The first person to confirm these conditions via reply has the ticket. I would like the ticket to be in the mail by Tuesday to ensure it's arrival.

Regards,

A Noob who wants to help.


----------



## Strick (Aug 21, 2008)

Wife and I will be there. It will be a good time. I say we get some good pics and post em up...


----------



## Bigtotoro (Jul 5, 2009)

I'll take it.



flyin'glass said:


> The Texas Cigar Festival is being held April 24th in Houston. See the seriouscigars website.
> 
> I live along the Wasatch Front, which for those geographically challenged, is not close. I have a ticket to said festival for which I paid $100.00 Cigars given out will be worth $160.00. Some incredible people will be in attendance, again see the site. Wow. Sadly, I can no longer attend.
> 
> ...


----------



## flyin'glass (Feb 24, 2010)

Bigtotoro said:


> I'll take it.


It's yours Bigtotoro!


----------



## Bigtotoro (Jul 5, 2009)

flyin'glass said:


> It's yours Bigtotoro!


I see you do not have PM access so you can email me at my [email protected]


----------



## Bigtotoro (Jul 5, 2009)

Strick said:


> Wife and I will be there. It will be a good time. I say we get some good pics and post em up...
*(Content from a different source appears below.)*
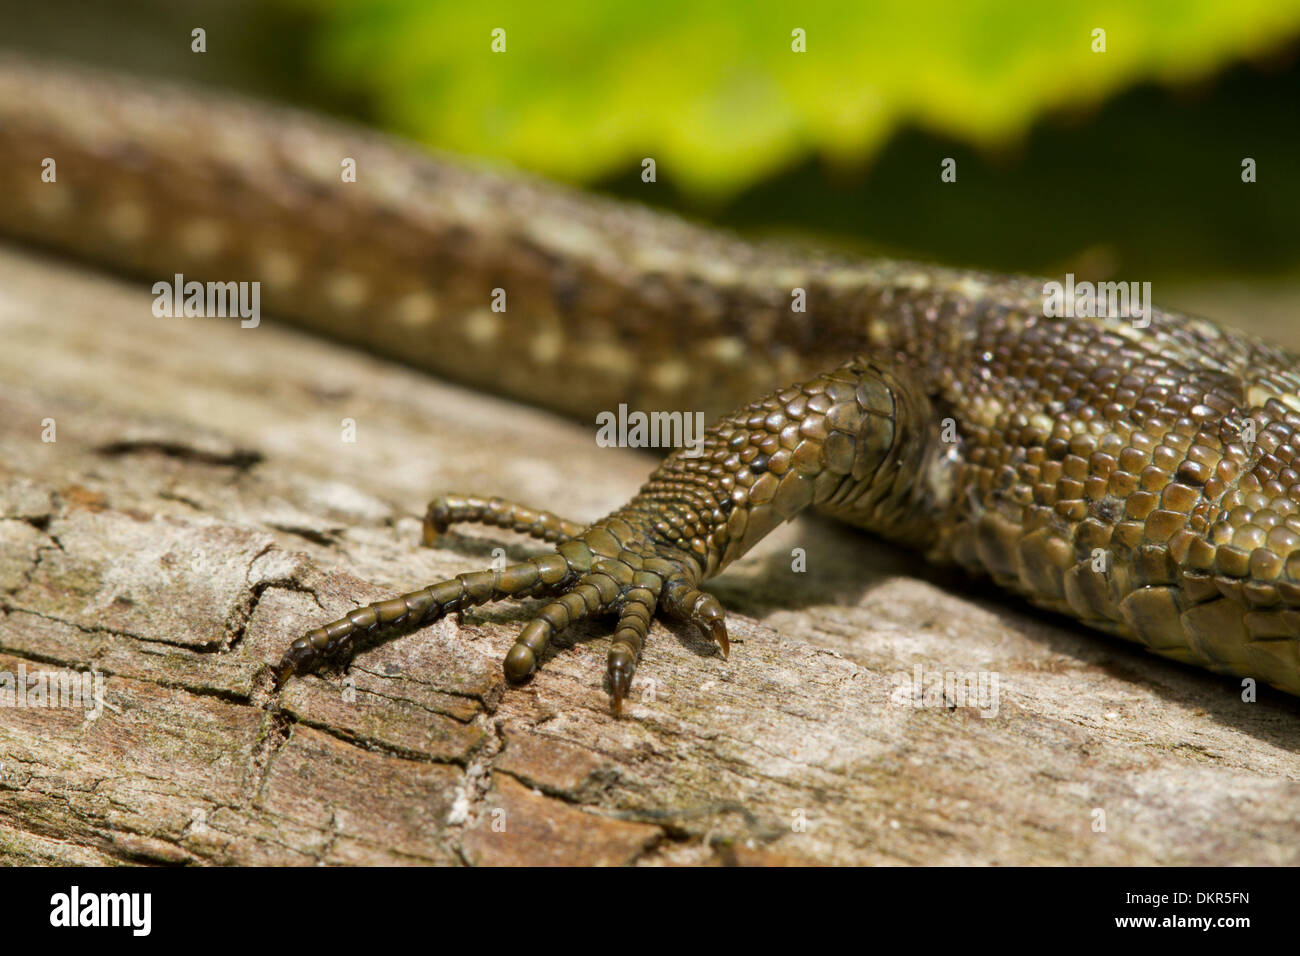 Common or Viviparous Lizard (Zootoca vivipara) close-up of the hind leg of an adult female basking on a log. Stock Photo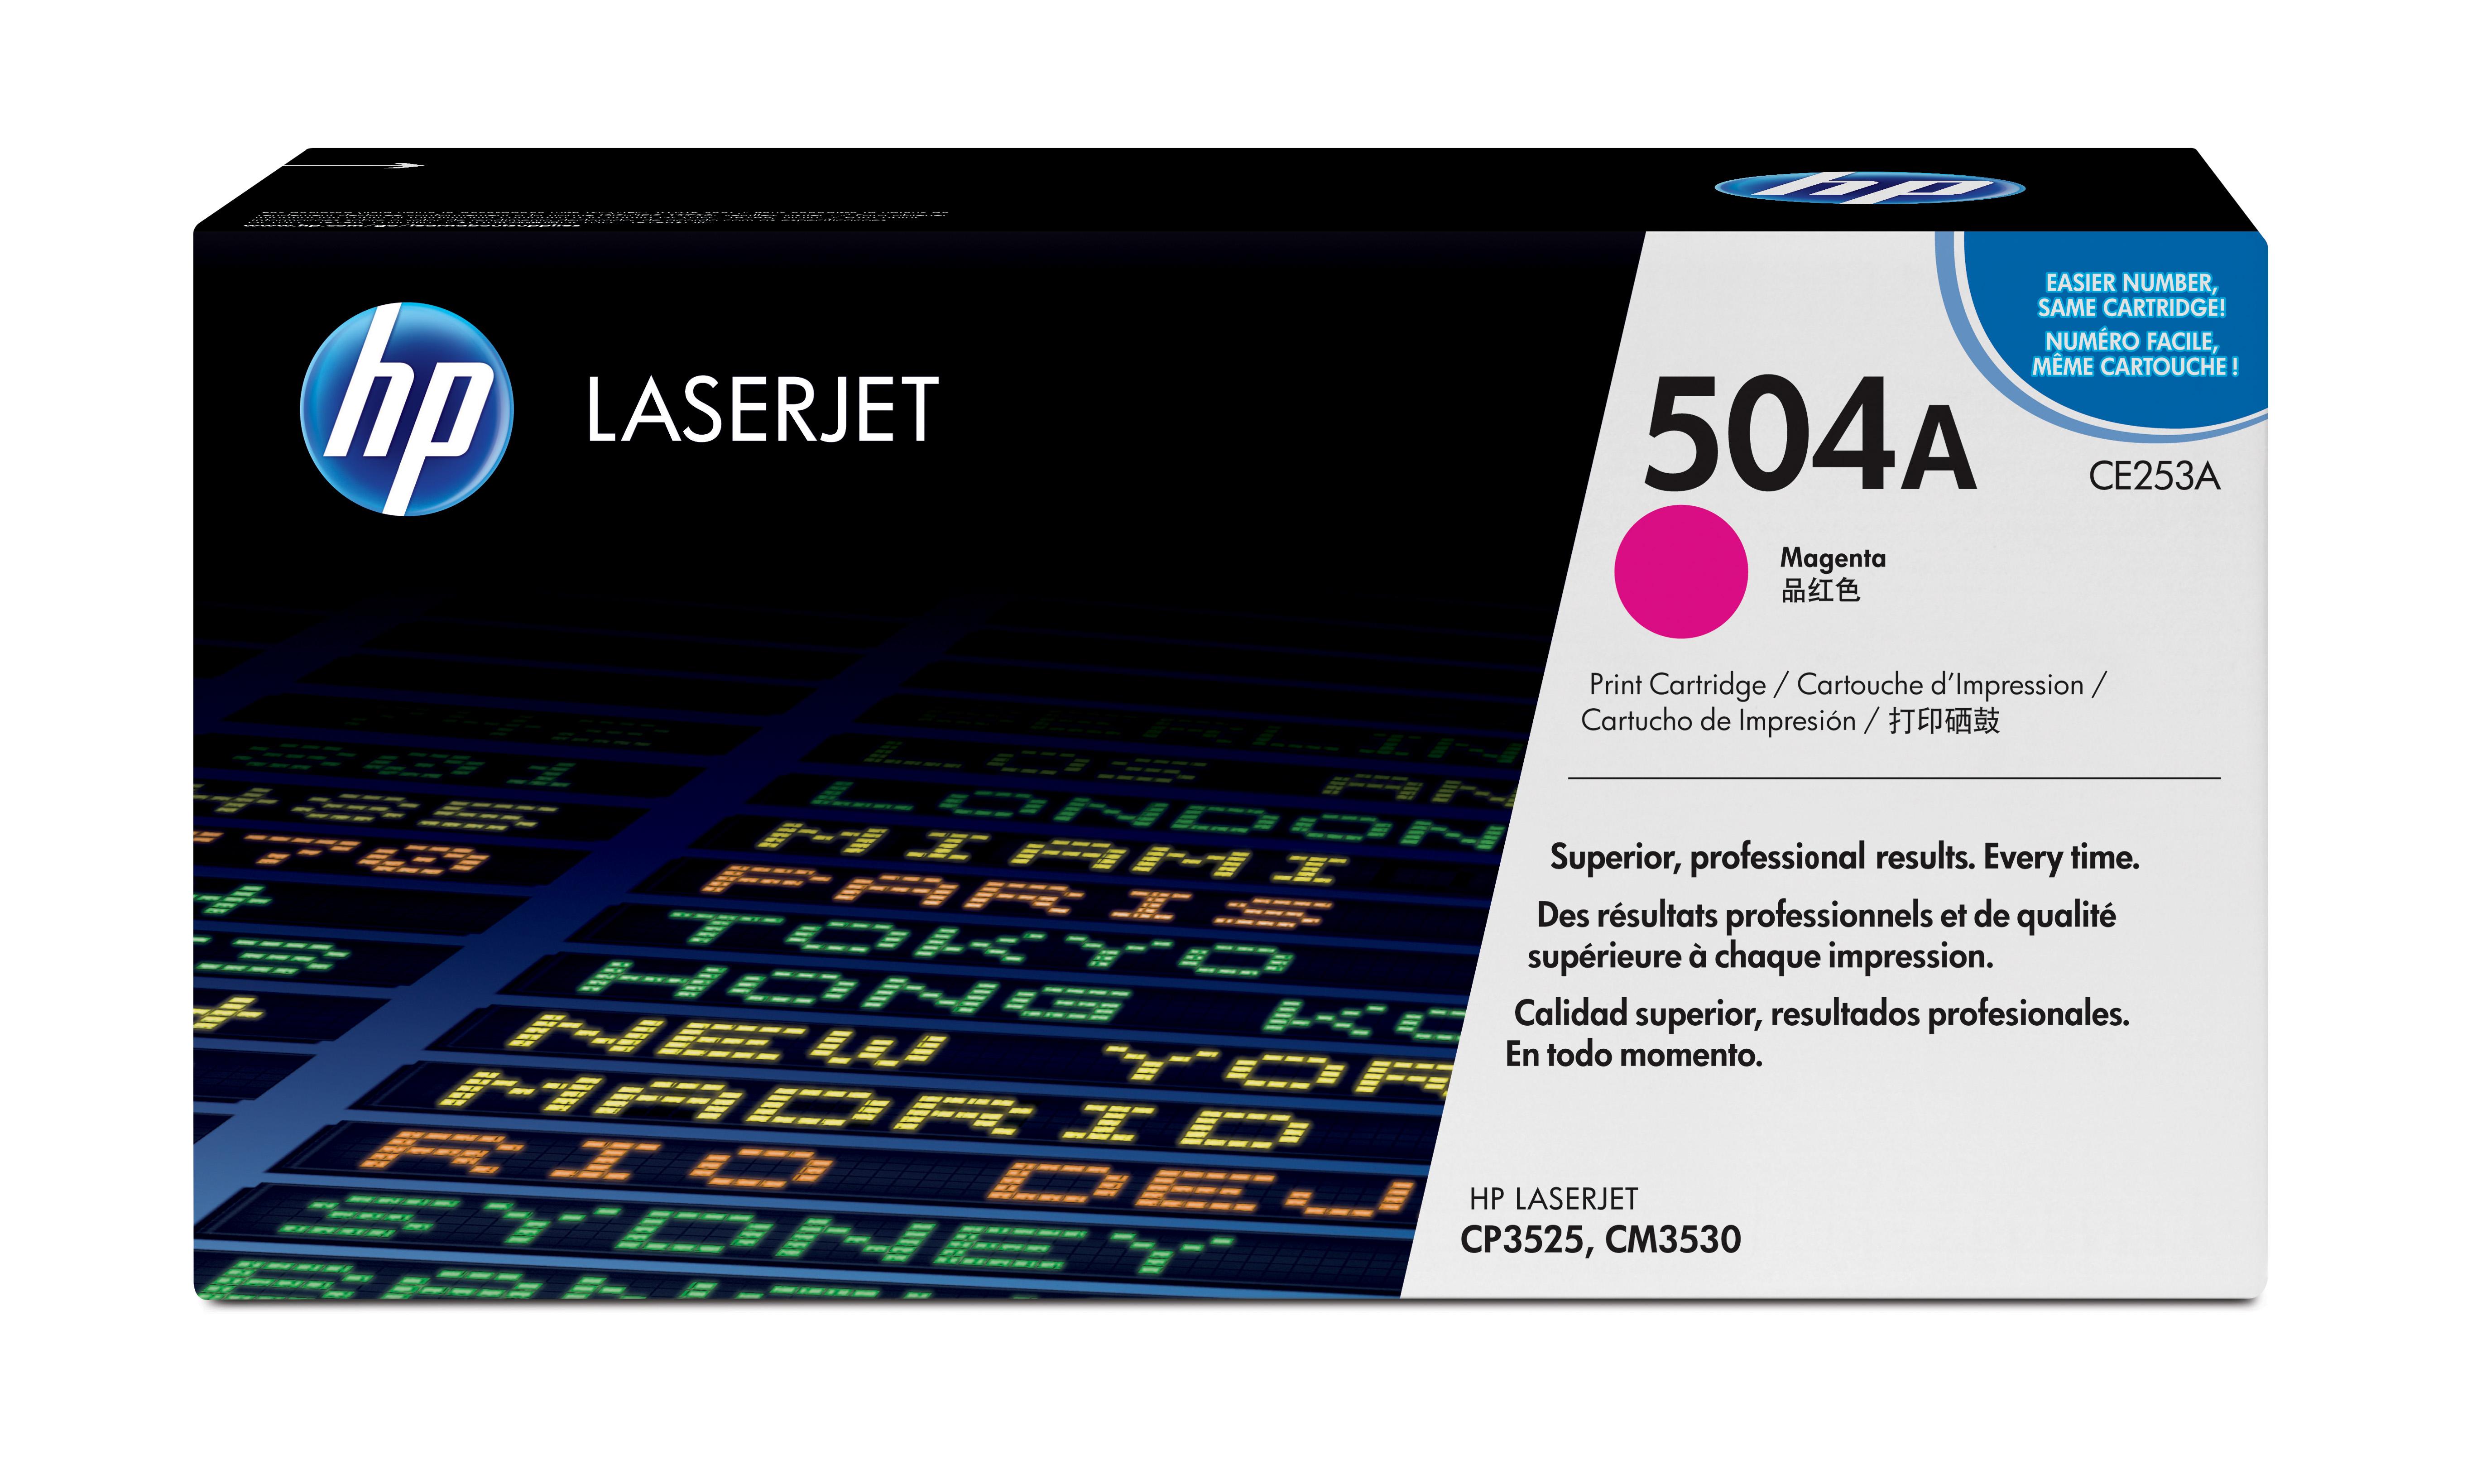 Toner láser HP 504A (CE253A) Magenta

I am all for that. I am going to come straight home that night and take pics of all the swag from the goodie bags for posting.


----------



## Stogie (Feb 13, 2007)

Just bought my ticket so I will be there too. Hope to see some of you guys. Be there with my Puff cap on and a video camera in hand.


----------



## ARCHAIC (Oct 5, 2009)

Stogie said:


> Just bought my ticket so I will be there too. Hope to see some of you guys. Be there with my Puff cap on and a video camera in hand.


 Bravo may brotha!! its gonna be a blast!! anyone happen to know any of the prizes being given away??


----------



## Strick (Aug 21, 2008)

ARCHAIC said:


> Bravo may brotha!! its gonna be a blast!! anyone happen to know any of the prizes being given away??


Not off hand but knowing Ron they will be good. They are almost sold out so look out for a good time...


----------



## Stogie (Feb 13, 2007)

Ron always throw a heck of a party, food and spirits are always great. I will be interviewing him about the event because it is a big deal getting all those manufacturers there at the same time.


----------



## Kevin Keith (Jan 24, 2010)

I'm looking forward to the video Daniel! I wish this was in FW!


----------



## Stogie (Feb 13, 2007)

Kevin Keith said:


> I'm looking forward to the video Daniel! I wish this was in FW!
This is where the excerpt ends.